FIG. 1 is a schematic diagram of a possible system architecture according to an embodiment of the present invention;
fig. 2 is a schematic flowchart of a block chain-based data inspection method according to an embodiment of the present invention;
fig. 3 is a schematic structural diagram of a data checking apparatus based on a block chain according to an embodiment of the present invention;
fig. 4 is a schematic structural diagram of an electronic device according to an embodiment of the present invention.
Detailed Description
In order to make the objects, technical solutions and advantages of the present invention clearer, the present invention will be described in further detail with reference to the accompanying drawings, and it is apparent that the described embodiments are only a part of the embodiments of the present invention, not all of the embodiments.

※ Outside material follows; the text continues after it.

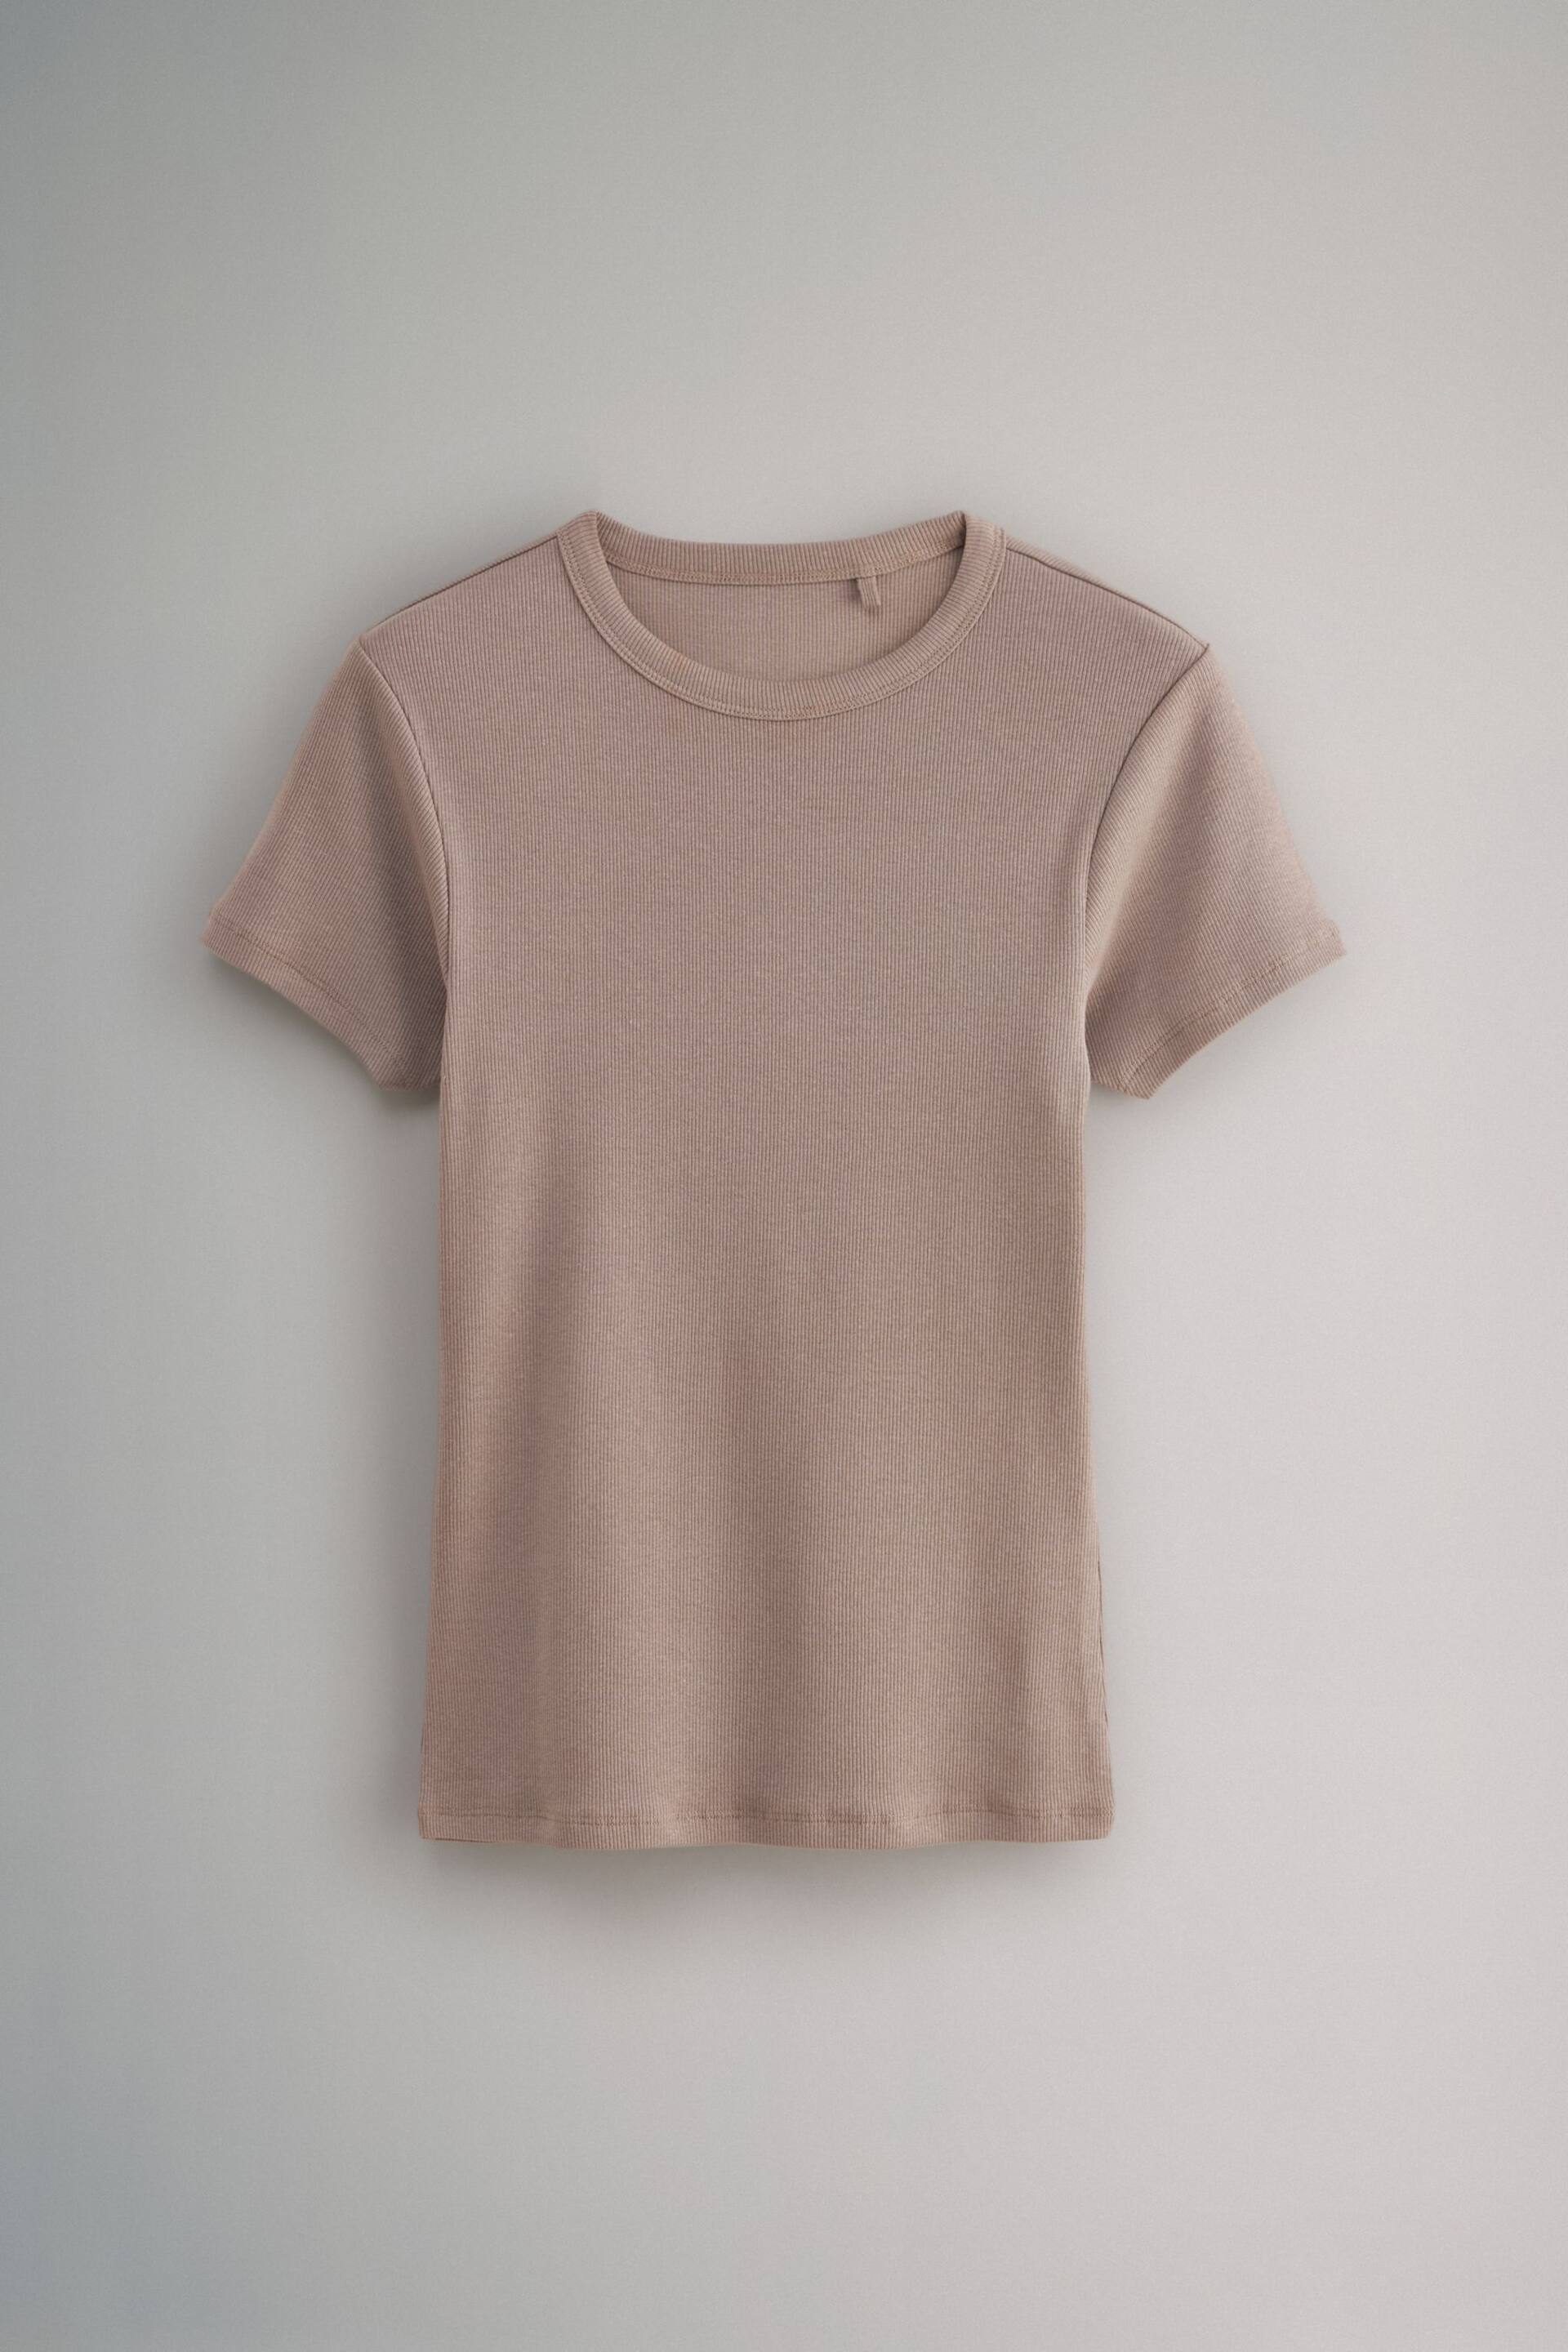 The Set Black/Taupe Brown/White 3 Pack Ribbed Short Sleeve T-Shirts - Image 7 of 8

All other embodiments, which can be derived by a person skilled in the art from the embodiments given herein without making any creative effort, shall fall within the protection scope of the present invention.
As shown in fig. 1, a system architecture to which the embodiment of the present invention is applicable includes a block chain 101, a checking system 102, and a database 103. The verification system 102 acquires information data from the blockchain 101, structures the information data and stores the information data into the database 103, establishes a meikerr tree according to the acquired information data, and maintains the meikerr tree in the database 103 to verify the data stored in the database 103 and prevent the data in the database 103 from being tampered. Further, an auditing system 104 may be further included, where the auditing system 104 establishes another merkel tree based on the information data in the block chain 101, and is used to verify the merkel tree maintained in the database 103, so as to prevent the merkel tree in the database 103 from being tampered with.
The block chain 101 is a chain of a series of blocks, and each block records a Hash value of a block in addition to data of the block, and thus forms a chain. The block chain has two core ideas, one is a cryptography technology, the other is a decentralization idea, and based on the two ideas, historical information on the block chain cannot be tampered. A block consists of a block header and a block body, wherein the block header definition comprises the block height h, the Hash value prevHash of the previous block and other important fields, and the block body mainly stores transaction data.
The database 103 is a data storage device, and preferably may be a relational database, and stores data in a table structure.
For convenience of understanding, terms that may be referred to in the embodiments of the present invention are defined and explained below.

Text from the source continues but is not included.